Association Analysis


 The typical question behind Association Analysis or often also called Basket Analysis is:Which products are bought together? This question is important as based on the result different measures can be taken: You could place those products together, increase the price of one of the products and lower the price of the other one, advertice only one of them or create combo offers.


To find out about depending products, create rules R like

R: If product A is bought, then also product B is bought

Here parameters A is called Antecedents and B is called Concequent. To determine the importance of such a rule, three statisical key figures are defined:

$SUPPORT(R) := \frac{\text{number of baskets the support the rule}}{\text{number of overall baskets}}$

$CONFIDENCE(A, B) := \frac{\text{number of baskets that support the rule}}{\text{nof of baskets that contain B}}$

In lots of examples, both of the these key figures can be high, but the result is not a very useful rule (e.g. in case product A is bought by 95% of the customer). Therefore the lift, or also called improvement is introduced:
$$LIFT(A,B) := \frac{CONFIDENCE(A, B)}{SUPPORT(A)}$$
Meanwhile the support and the lift are symmetric respect A and B, the confidence is not.
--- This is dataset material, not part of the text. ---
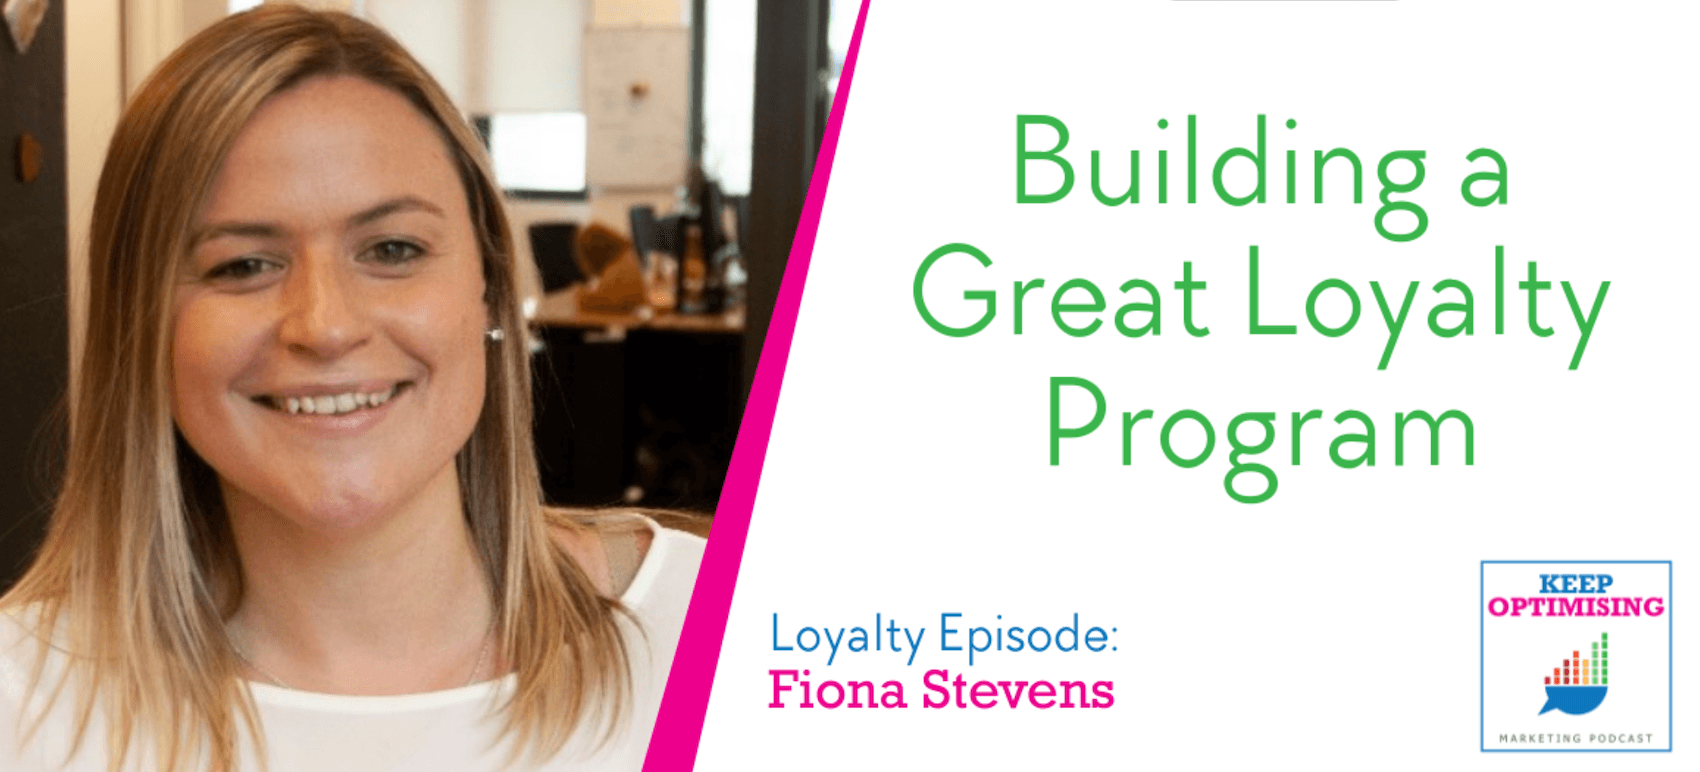 Building a great Loyalty Program with Fiona Stevens from LoyaltyLion
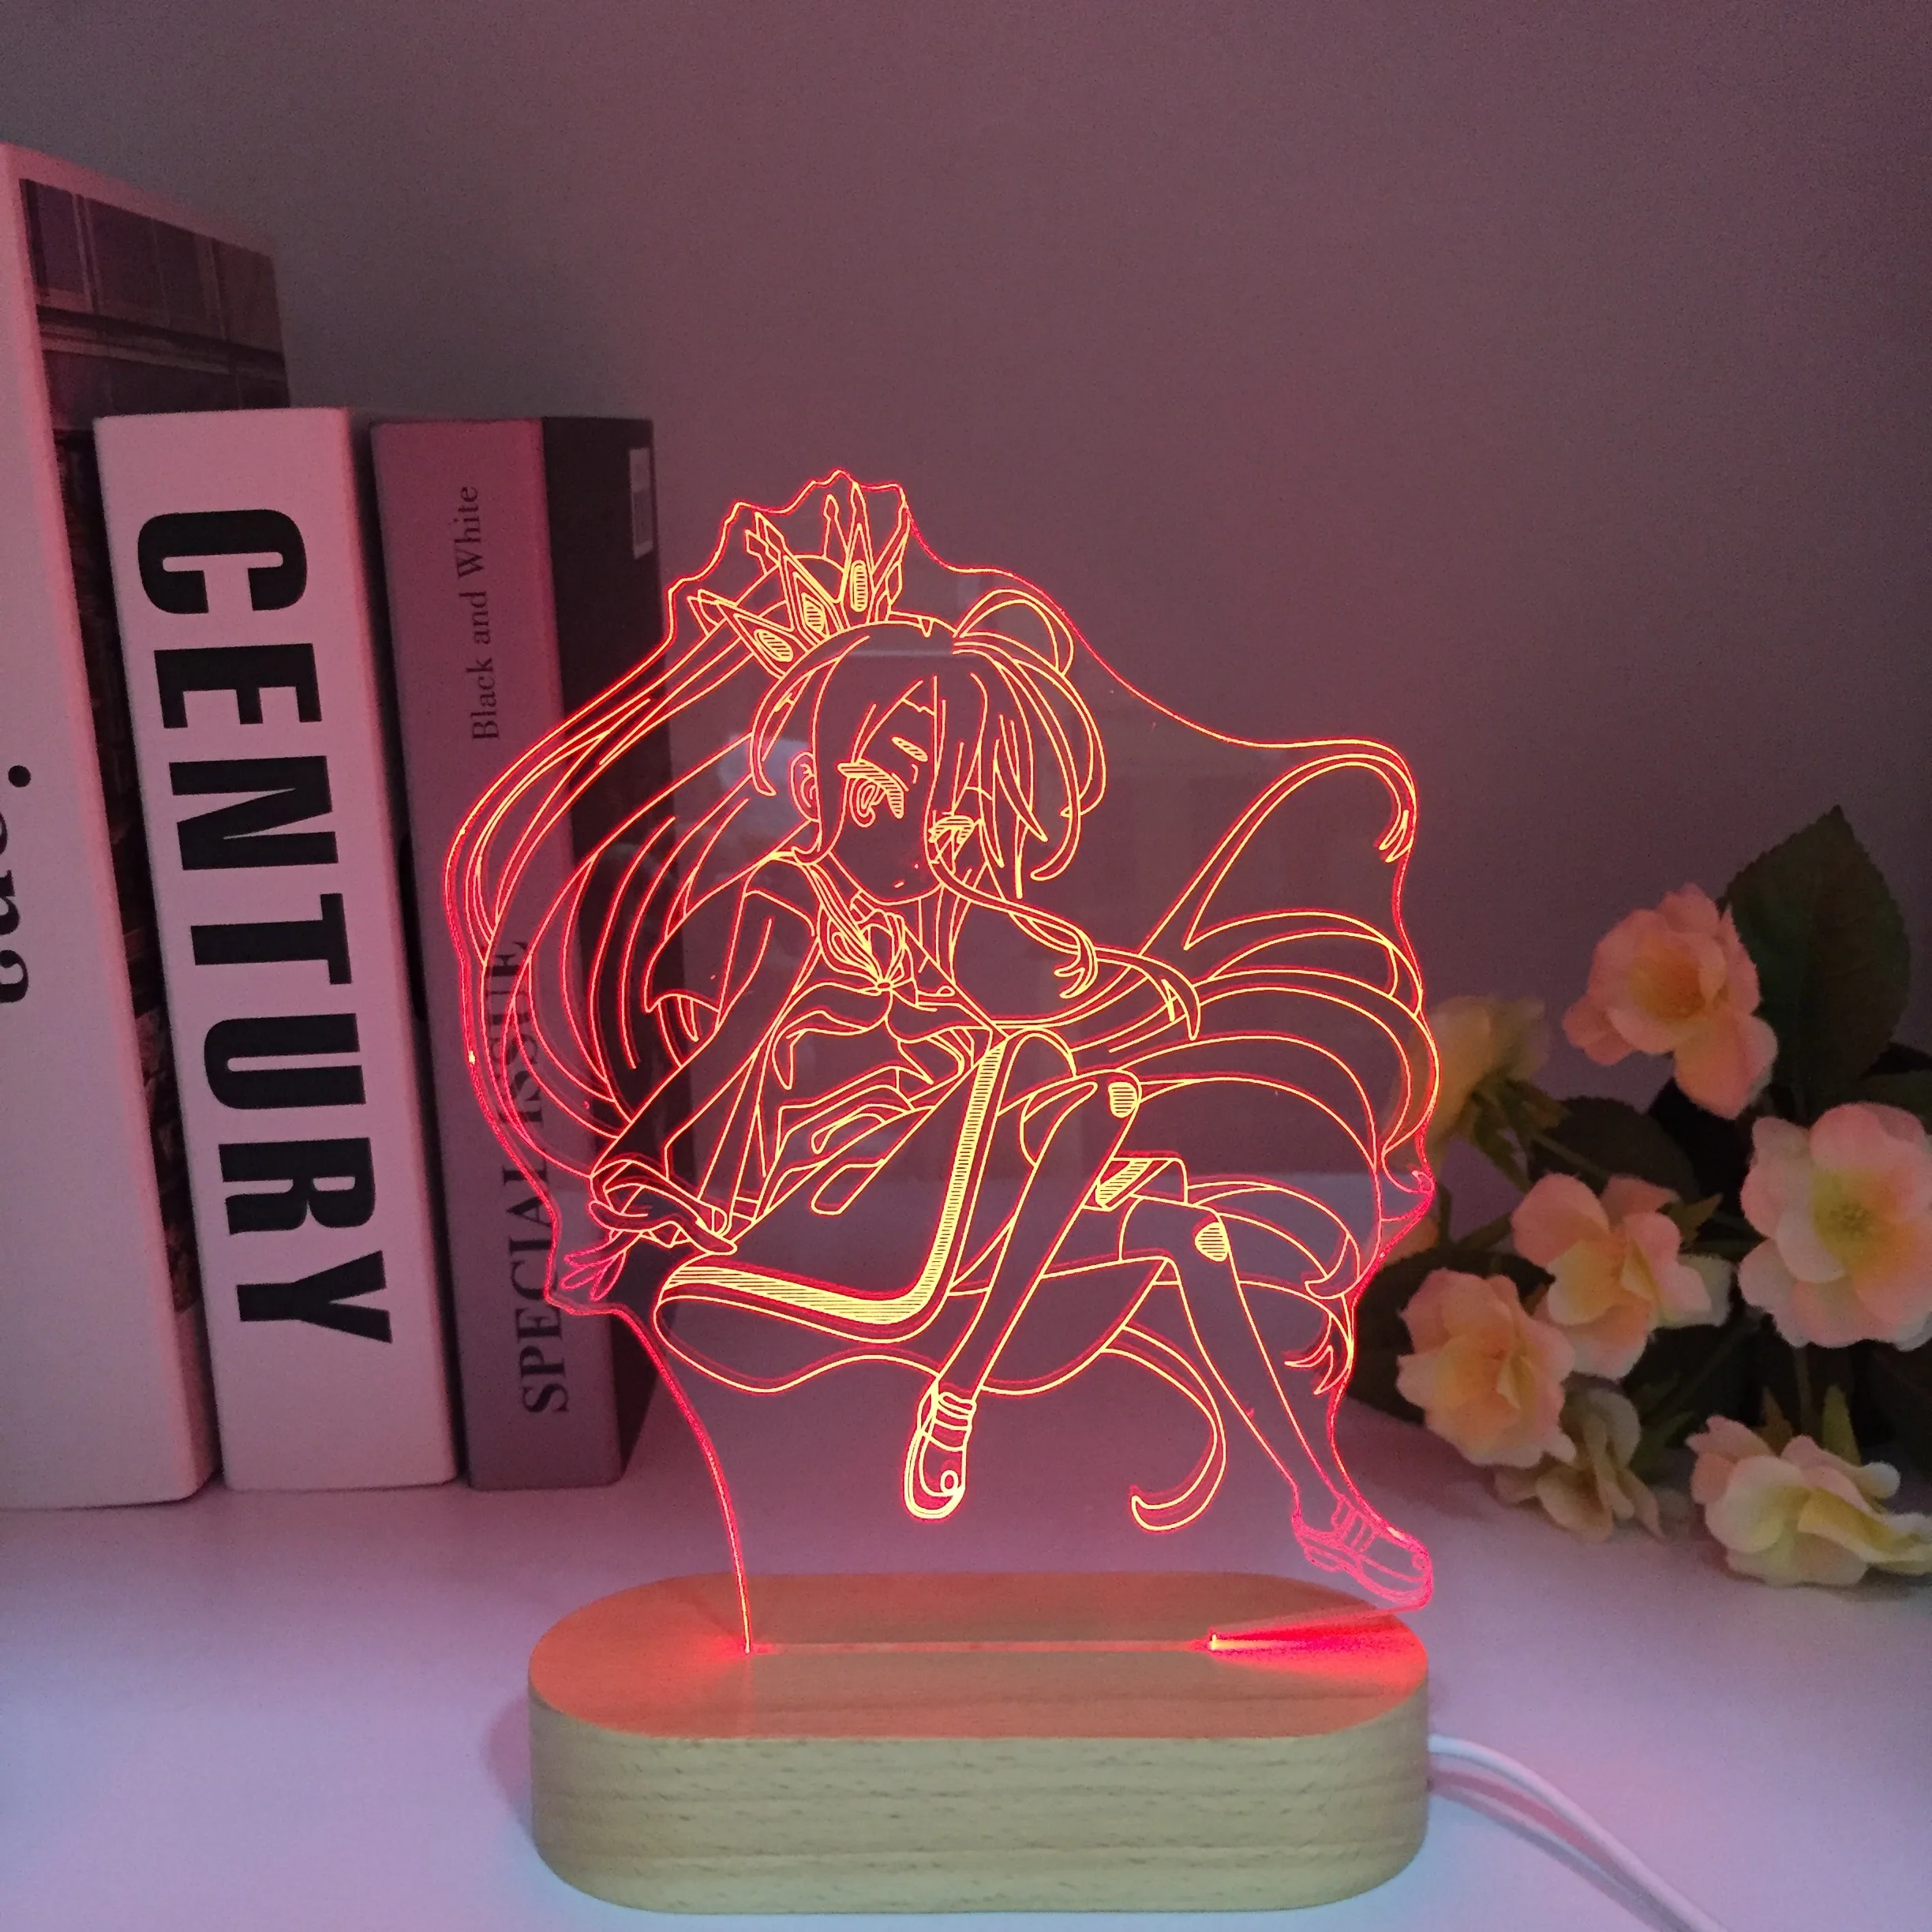 Wooden Remote Danganronpa 3 LED Lamp 3D Night Light Figure Mikan Tsumiki for Bedroom Decor Kids Gift Light Acrylic Table Lamp images - 6

Now the lift decides, if our rule is valid:


If the lift is < 1, the rule does not describe an association. For a lift of 1 the antecedents and concequents are independent of each other, and a lift > 1 describe to which degree the products depend on each other.


A typical example for an association algorithm is the so called APRIORI algorithm which creates rules for all possible subsets having a minimal support. The big advantage of it is that it produces clear, easily understandable results, which can be directly used, however the performance grows exponentially with the set of products, also very rare data is not included into the analysis.